*DATASET EXCERPTS*
┄┄┄┄┄┄┄┄┄┄┄┄┄┄┄┄┄┄┄┄

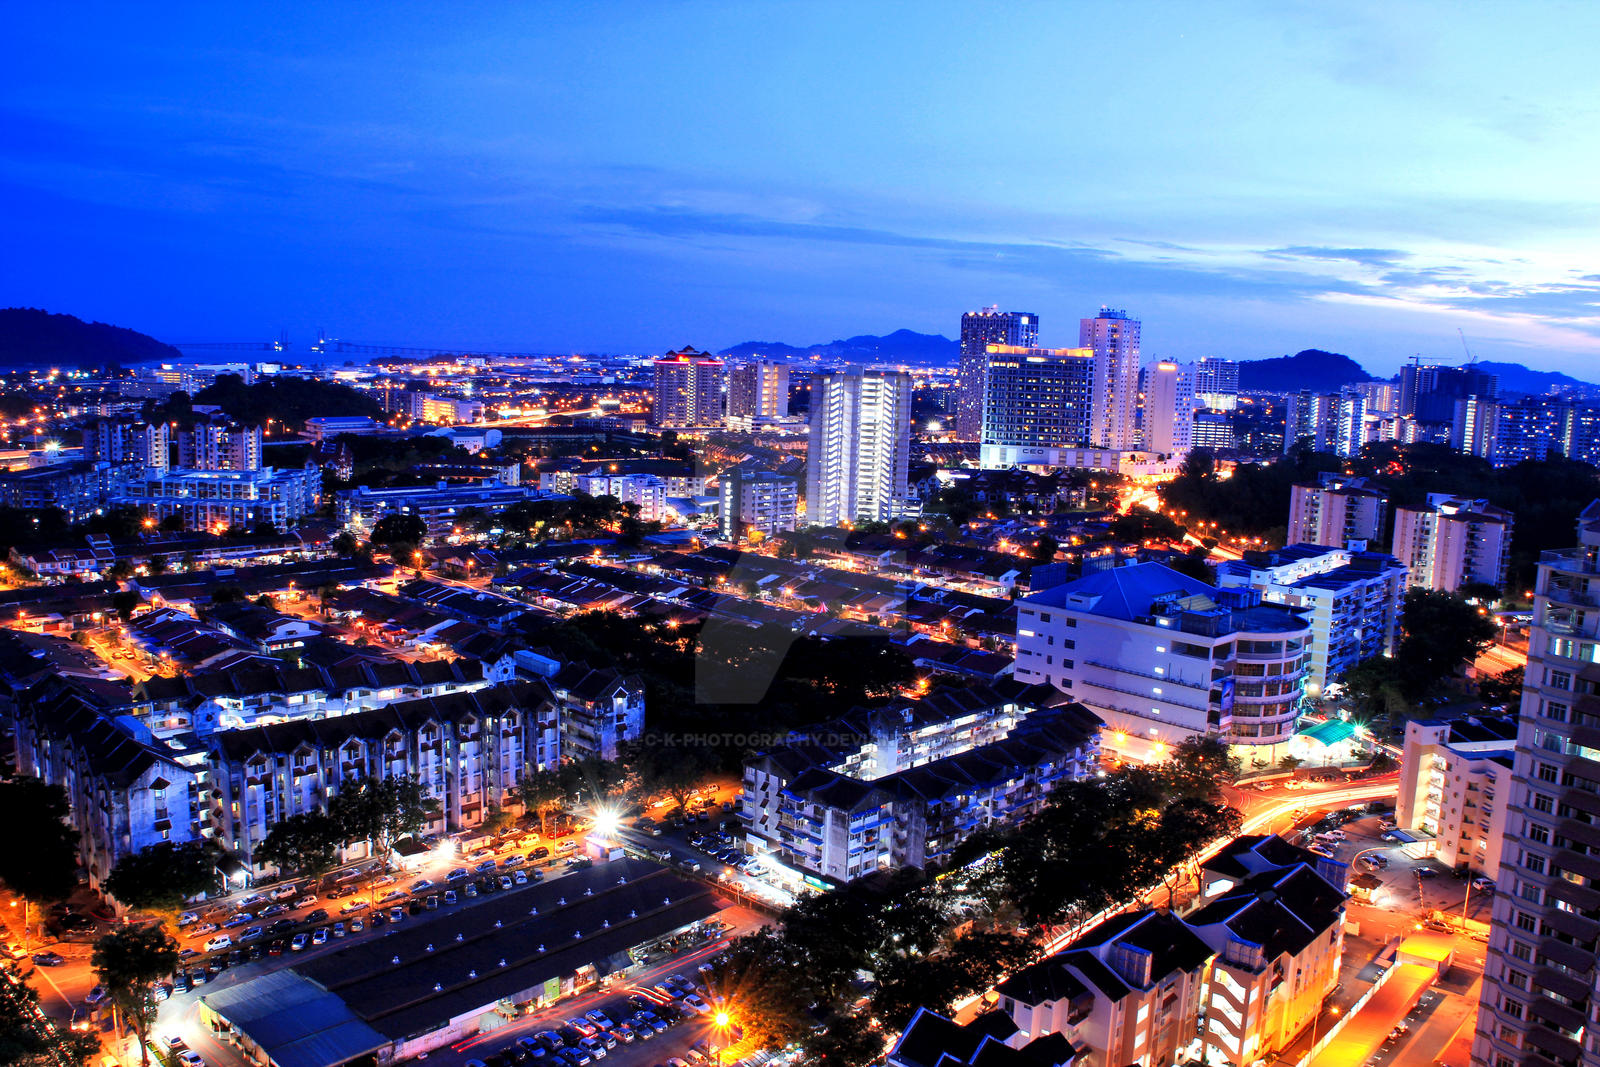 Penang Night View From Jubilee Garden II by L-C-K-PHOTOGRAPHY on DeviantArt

┄┄┄┄┄┄┄┄┄┄┄┄┄┄┄┄┄┄┄┄

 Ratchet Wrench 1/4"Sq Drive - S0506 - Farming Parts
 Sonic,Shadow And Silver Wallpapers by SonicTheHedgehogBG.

┄┄┄┄┄┄┄┄┄┄┄┄┄┄┄┄┄┄┄┄

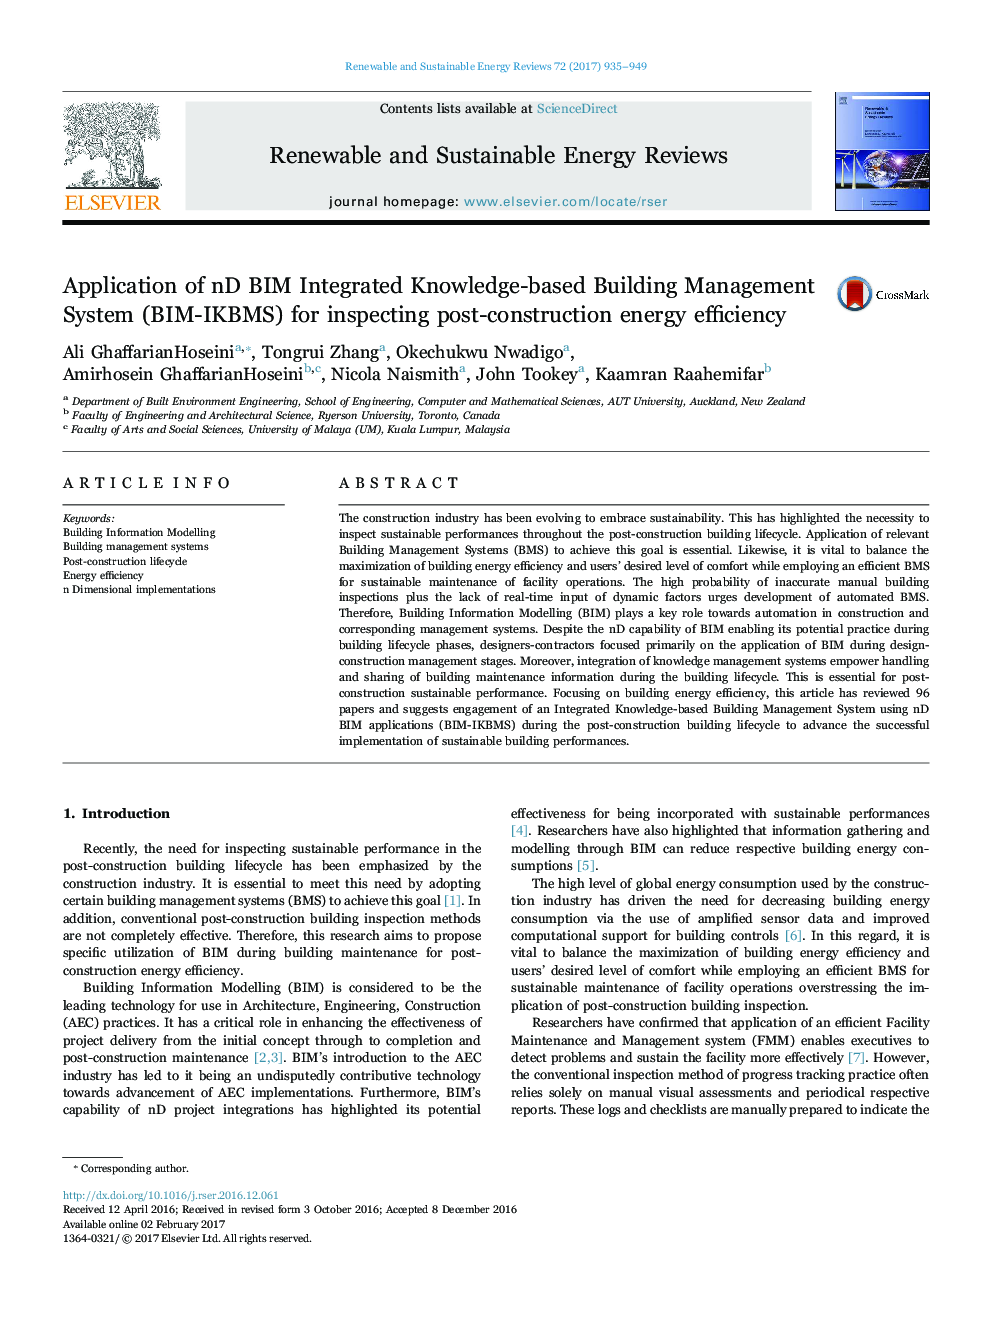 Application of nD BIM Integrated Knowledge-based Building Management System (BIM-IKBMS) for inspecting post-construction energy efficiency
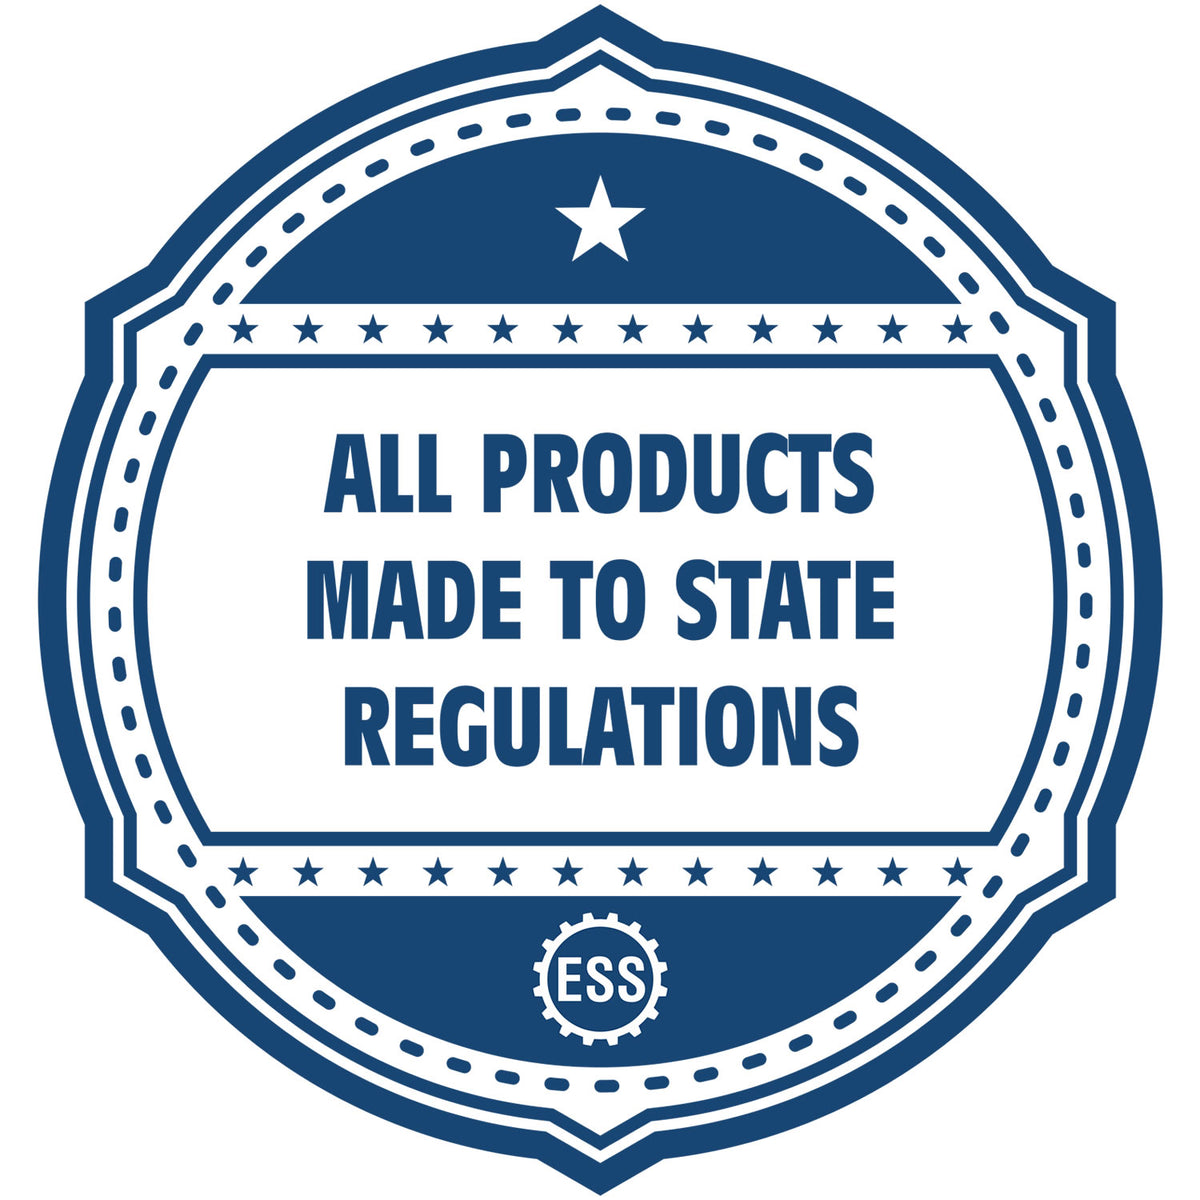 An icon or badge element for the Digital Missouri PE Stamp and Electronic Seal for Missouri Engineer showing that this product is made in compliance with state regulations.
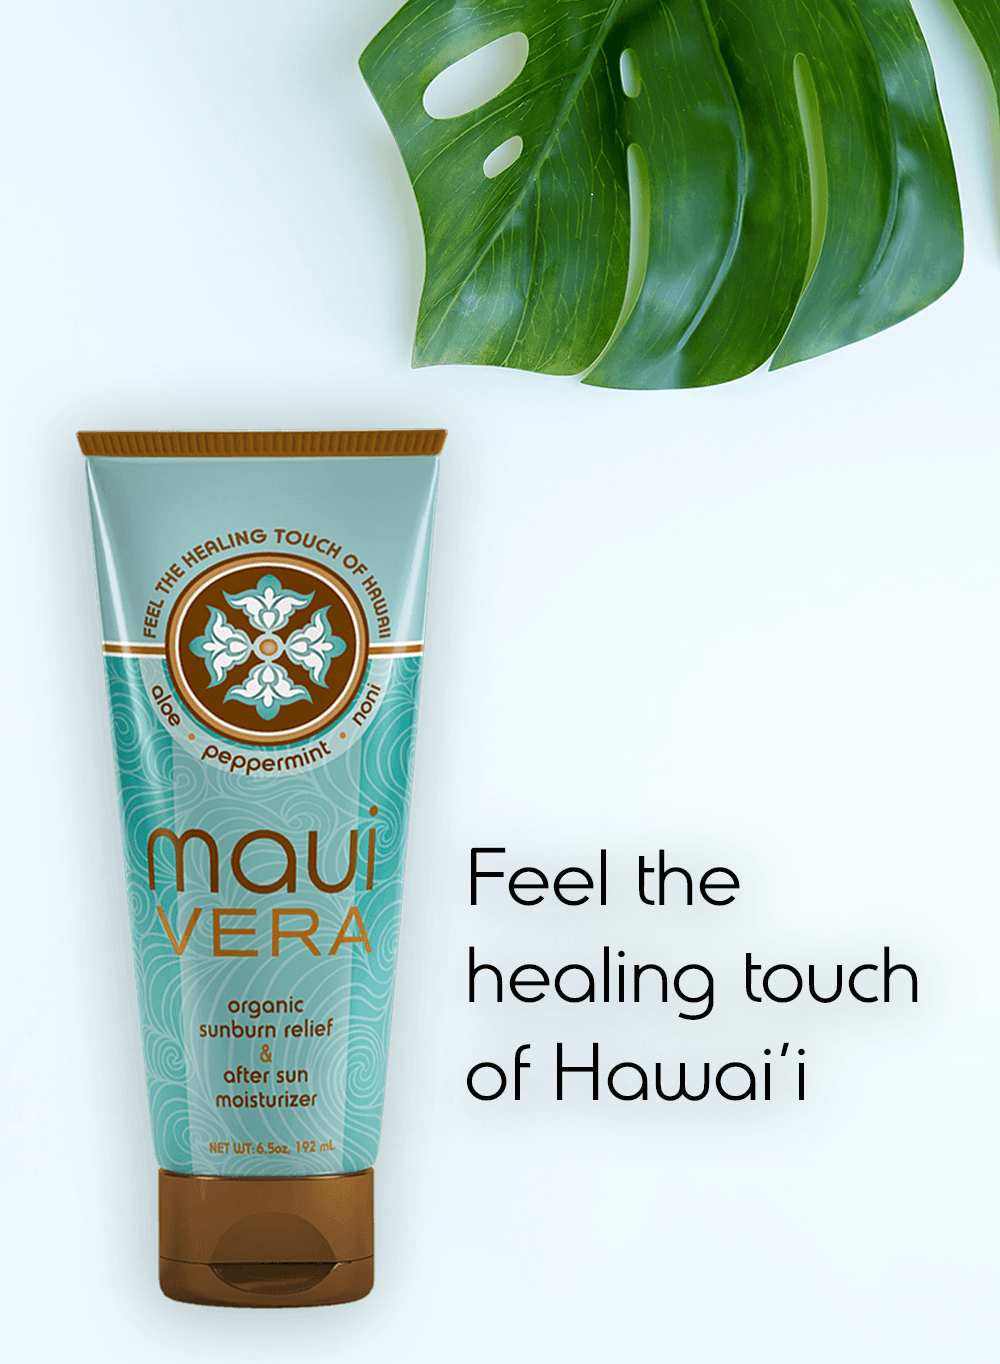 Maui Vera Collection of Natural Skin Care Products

┄┄┄┄┄┄┄┄┄┄┄┄┄┄┄┄┄┄┄┄

Could you return exactly the stretch of the data above that starts at the line with "- Farming Parts" and ends at the line with "Sonic,Shadow And Silver", both lines included?

 Ratchet Wrench 1/4"Sq Drive - S0506 - Farming Parts
 Sonic,Shadow And Silver Wallpapers by SonicTheHedgehogBG.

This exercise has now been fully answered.